Letters to the editor, June 18- June 24

The Editor:

I must admit to being over 80. WWII was the focus of my grade school days. With politically active parents making me aware, the Cold War, Nuremberg, Joe McCarthy and football made headlines in high school. We survived Korea, Cuba, Vietnam, Dr. King and the Kennedys, with hope of future peace and good will. I am heartbroken for the U.S.A. in 2015. There is a mean dialogue in the air.

We worked hard and paid a price to clean up our environment and passed laws to keep it clean for you. We built your schools and freeways and now that they are wearing out, you won’t pay the price to repair or build new. This political generation lacks pride in U.S.A. It’s all about freedom and taking someone else’s rights to clean air and water. Global warming is too hard so skip it.

We used to pledge allegiance to the flag of the United States of America, which implied to each other united we stand or divided we fall. We did not mix religion and politics until they added God to our pledge and started electing bible scholars to govern. The odd thing about that is we became less caring for our poor, sick, disabled, elderly and each other.

What about Jesus? He told us to care for one another. Cut them off welfare and food stamps, they shout! The abortion issue will not be resolved because it is too handy as a divider. So here we are, falling under the thoughtless babble of left and right. We used to guard against “propaganda” and “double speak.” Now it is our daily news.

Alice Brown

Birch Bay

The Editor:

A previous letter last week criticized the U.S. Postal Service for “poor performance by our local post office … repeatedly experienced for months.” Unfortunately, this situation is not local but is systemic throughout our country, as other citizens will attest. To understand why this happened, we need to look at the facts, or as Paul Harvey used to say, “Here’s the rest of the story.”

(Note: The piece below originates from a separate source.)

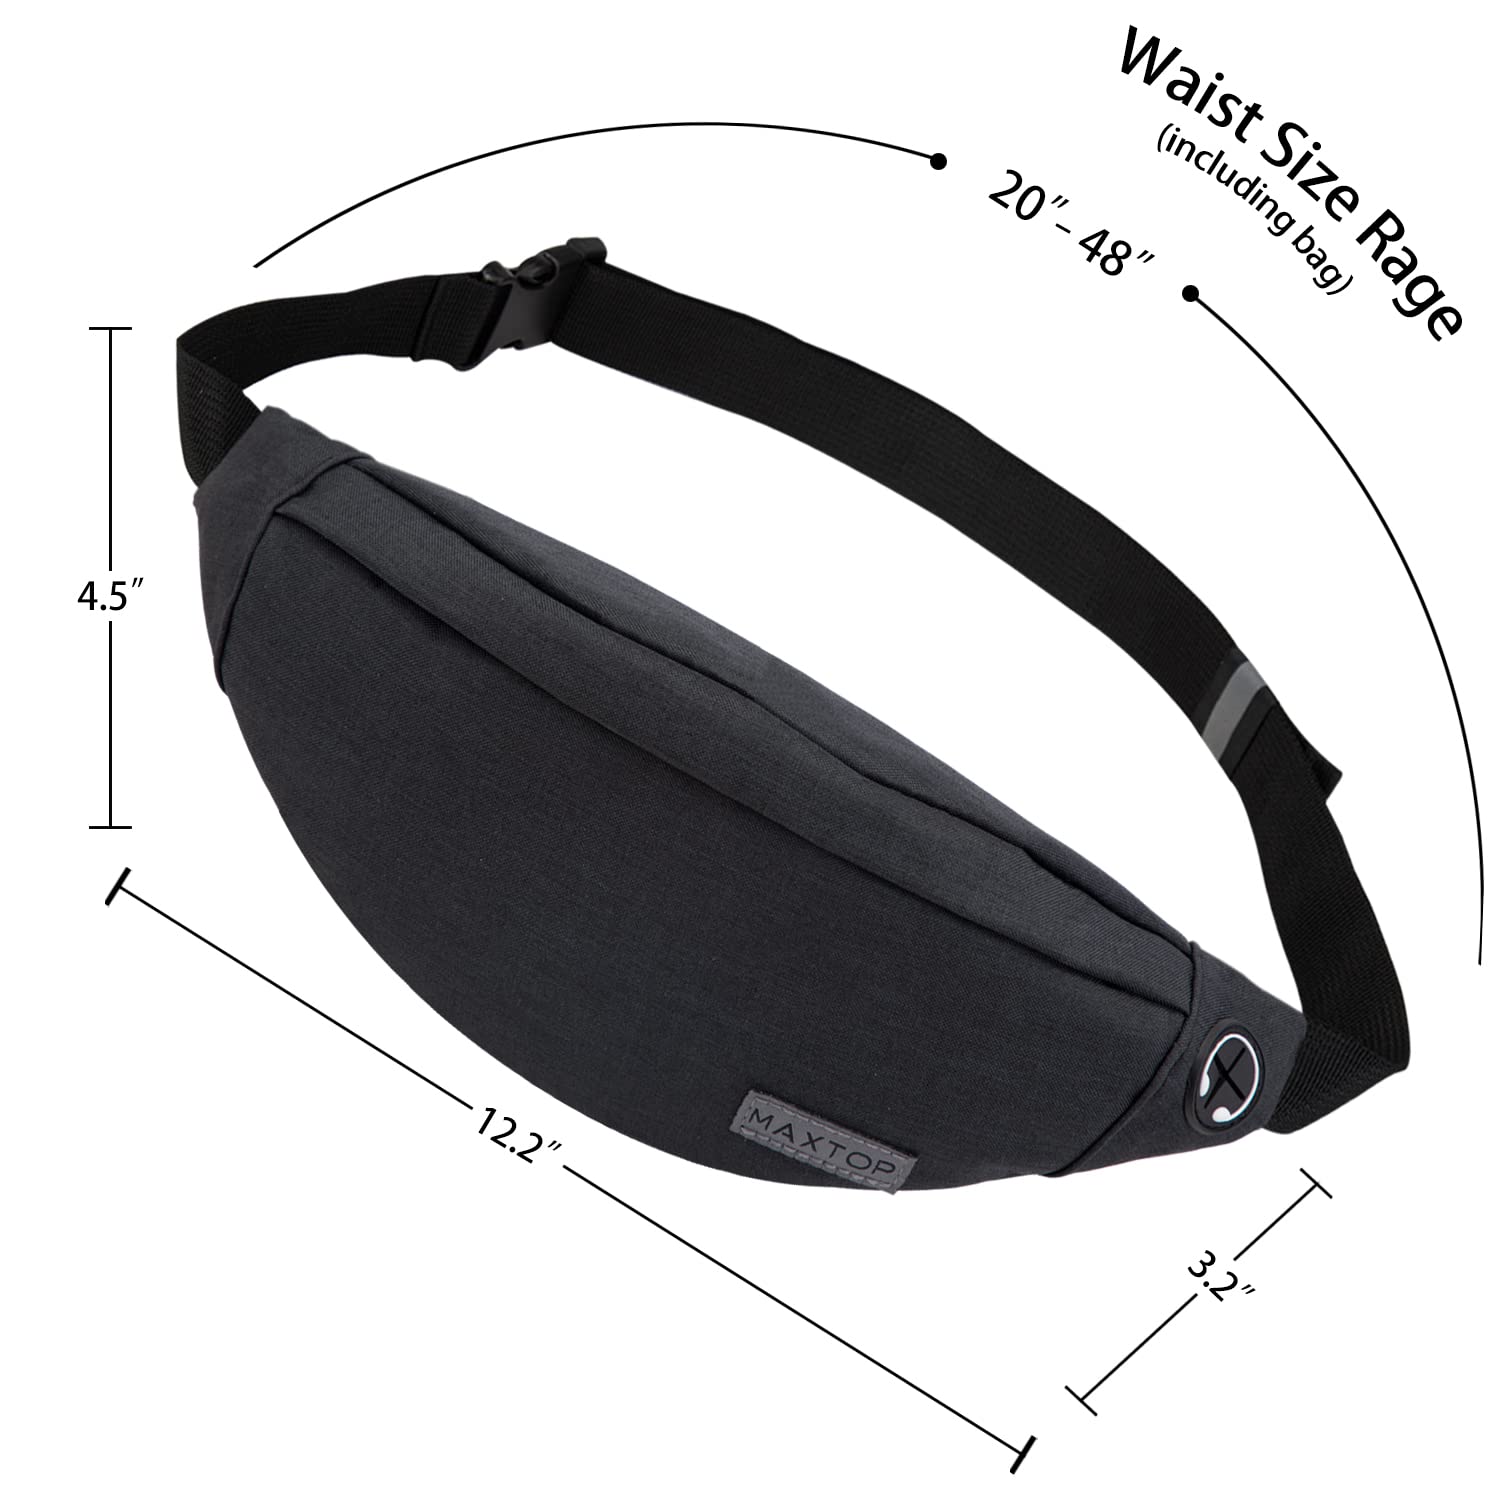 MAXTOP Fanny Pack for Men Women Waist Pack Bag with Headphone Jack and 3-Zipper Pockets Adjustable Straps

The employer of the U.S. Postal Service is the federal government controlled by Congress, (the House and Senate). For the past several years, Congress has repeatedly reduced the number of postal employees, cut their hours, pay, benefits and pension while demanding the same type of good performance we used to have. Postmasters are faced with an impossible task, which only Congress can fix. Some want the postal service run by a private business, but guess what would happen to postal rates?

Most postal employees are hard working and doing their best to get the job done the best way they can with less help and fewer hours. So let’s give our postal employees a break if things are not always done as they used to be. Instead, put pressure on Congress to fix it.

As the previous letter writer said, “Maybe we’ll finally catch a break and get back to the reliable delivery we experienced in the last century.”

Don Clark


The Editor:

We gamble with liability by delaying a new jail.

The existing jail must be replaced, as it is no longer safe for employees and inmates (the jail is about 31 years old. The Seattle Kingdome closed after only 22 years of use).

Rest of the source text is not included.